3 Years of ZFS

2020-03-10

3 years and change ago, I decided to setup a FreeNAS box with a ZFS mirror to store long term data. The OS changed to Debian when I decided to run a few web apps, but I kept using ZFS for the mirror. The main point of ZFS is that it checks the data periodically and can repair as needed. After over 3 years of running it found its first data error with a few checksums being wrong. This wasn't surprising since the drive had uncorrectable sectors for the last year. At the same time as the ZFS checksum errors, the first reallocated sectors showed up. I went ahead and ordered a new drive since Backblaze and Google correlate reallocated sectors to a failing drive.

I'm a big fan of keeping it simple so I reevaluated whether ZFS is the right choice vs the standard mdadm+lvm+ext4 setup. My use case is a mirror(RAID 1) that's used as a media server and backup of my desktop ssd. ZFS's checksum protection did nothing for me since SMART data already told me the drive should be monitored closely and replaced when reallocated sectors happened or uncorrectlable sectors became worrying. ZFS's snapshots were turned on and I used them once to recover a file I had accidently deleted. This feature was unsettling to use since it rollsback the entire filesystem to a previous date in time. You have to be sure that you get back to a state where the data you want is correct and the rest of the filesystem is acceptable. This gets a bit sketchy when you have thousands of files on a 4TB drive. It's also not a free feature as many people portray it. Each snapshot withholds changed blocks as long as the snapshot exists. This meant I had a few hundred GBs being used on top of the current data. Compression is currently sitting at 0% since the majority of files aren't compressible. A minor pain point on Linux is that every ZFS update means recompiling the ZFS modules so updates take a good deal longer and will need a couple cores dedicated to that.

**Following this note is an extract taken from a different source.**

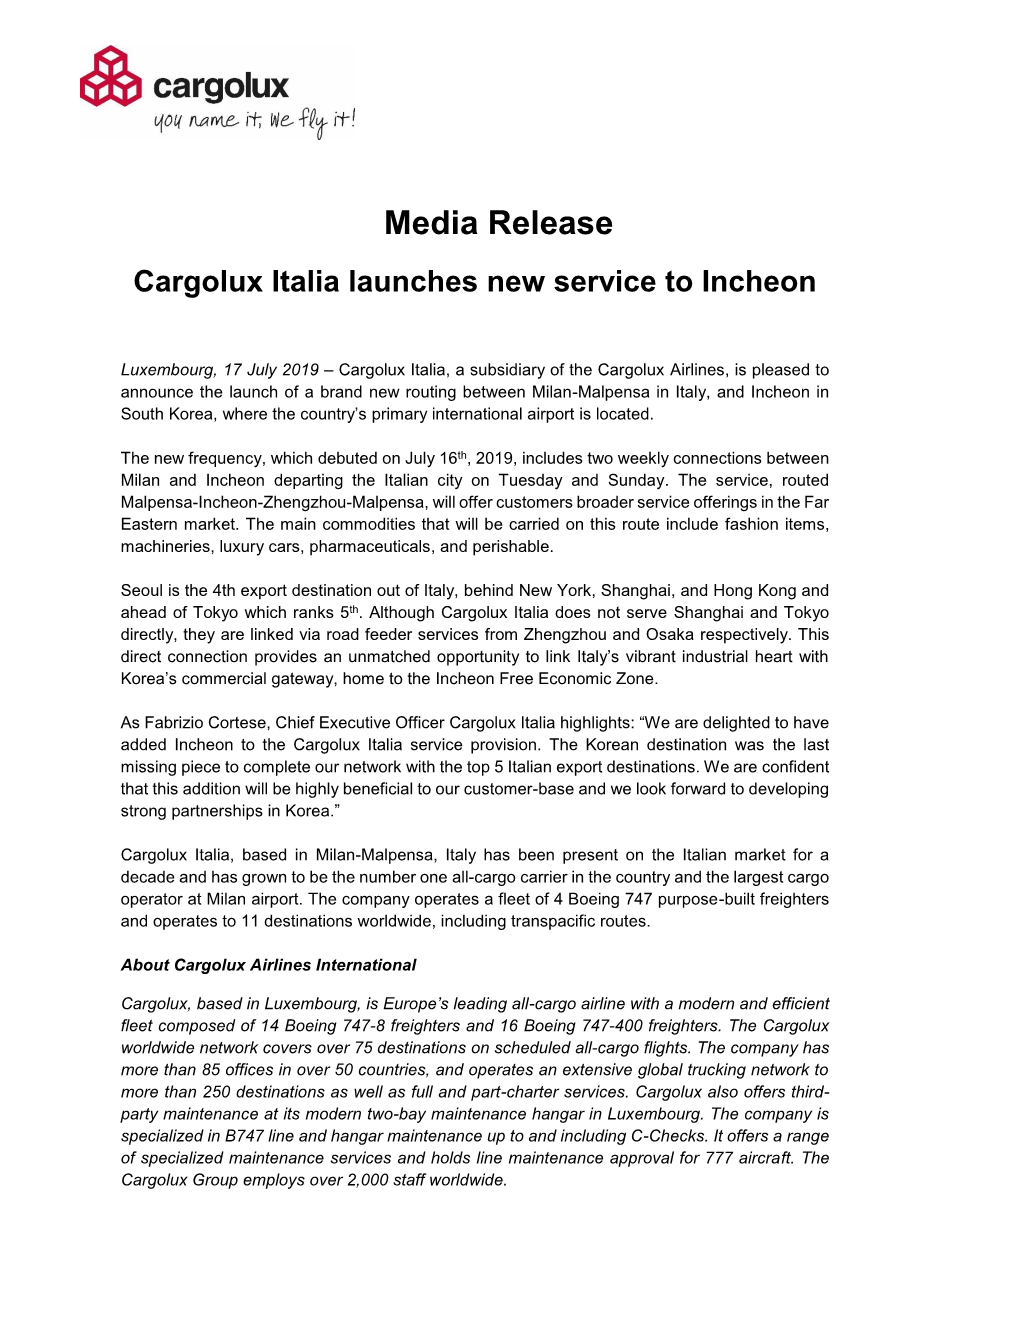 Media Release Cargolux Italia Launches New Service to Incheon
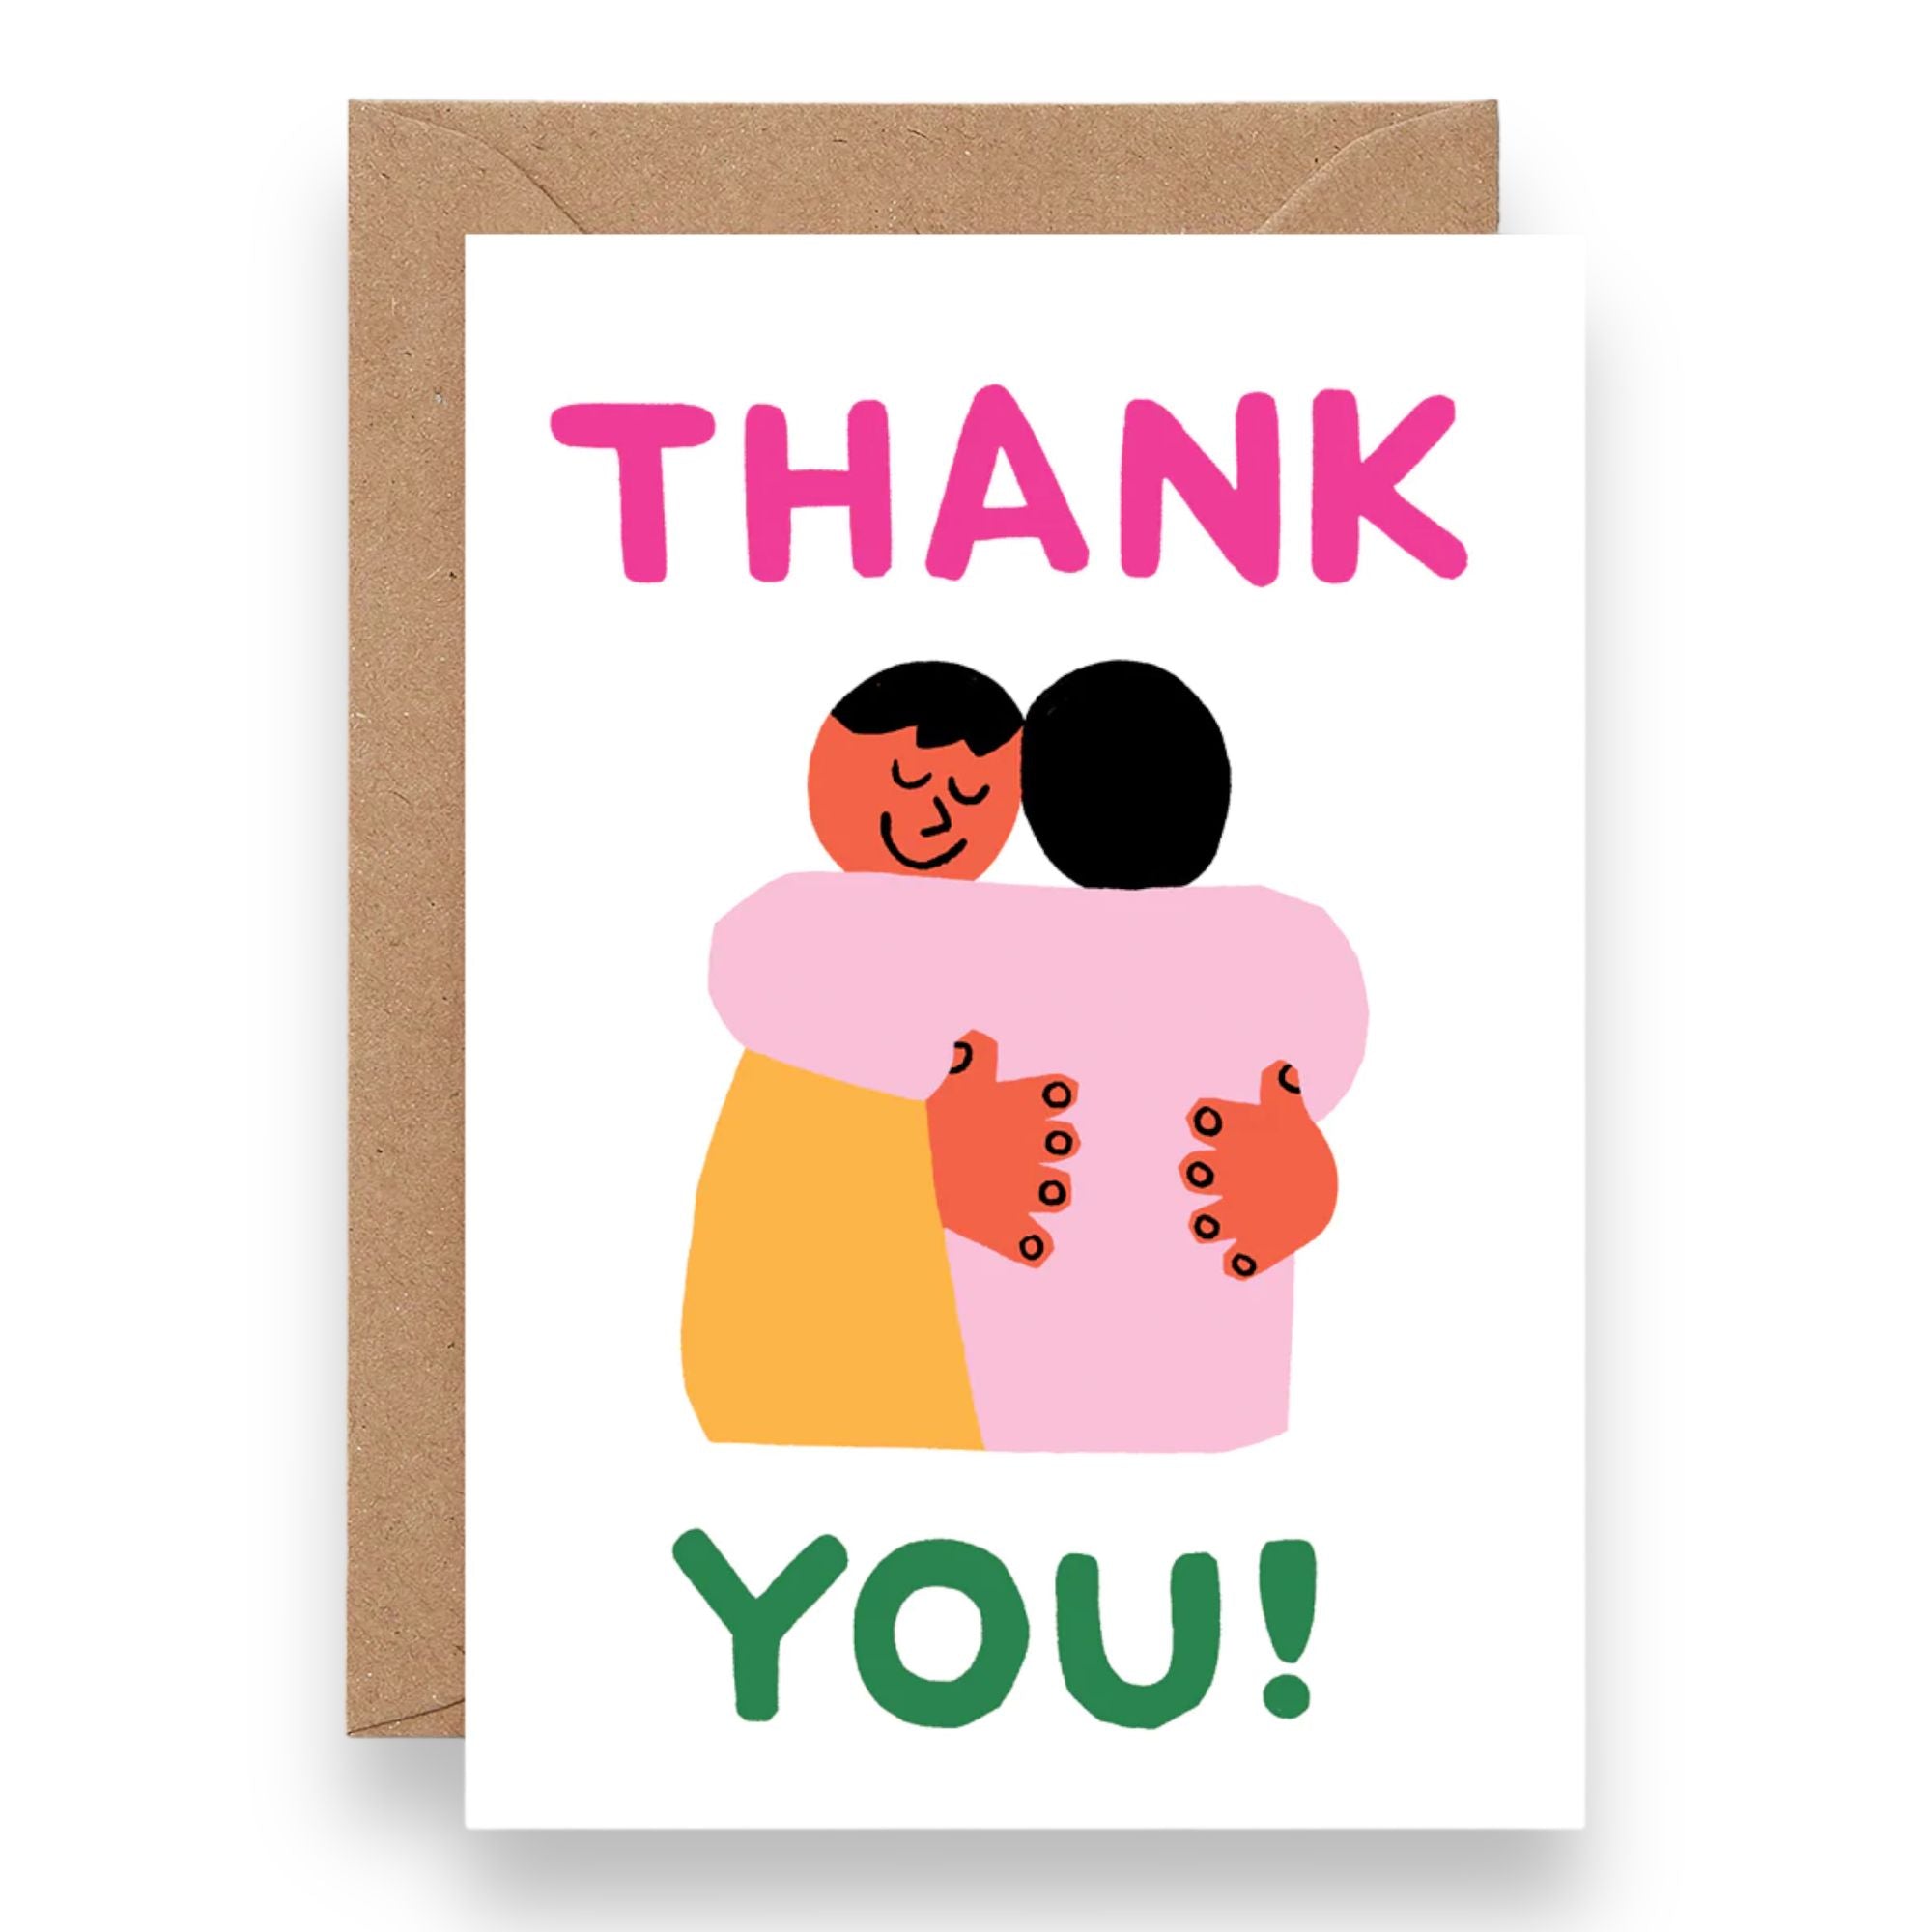 THANK YOU! HUG GREETINGS CARD

In the end, I'm not convinced a user without some serious hardware should use ZFS. It's got shiny features, but they don't seem to come into play unless you have a targeted use case or by some very, extremely, ridiculously unlikely event, manage to get an error that isn't caught by ECC, SMART etc, but is caught by ZFS. You might say those features seem like they could be nice, why not use ZFS in case I want them later? ZFS lags behind common file systems in one critical area, performance. In the end, you'd be giving up daily performance for that possibility. If I were to do it again, I would go with mdadm+lvm+ext4.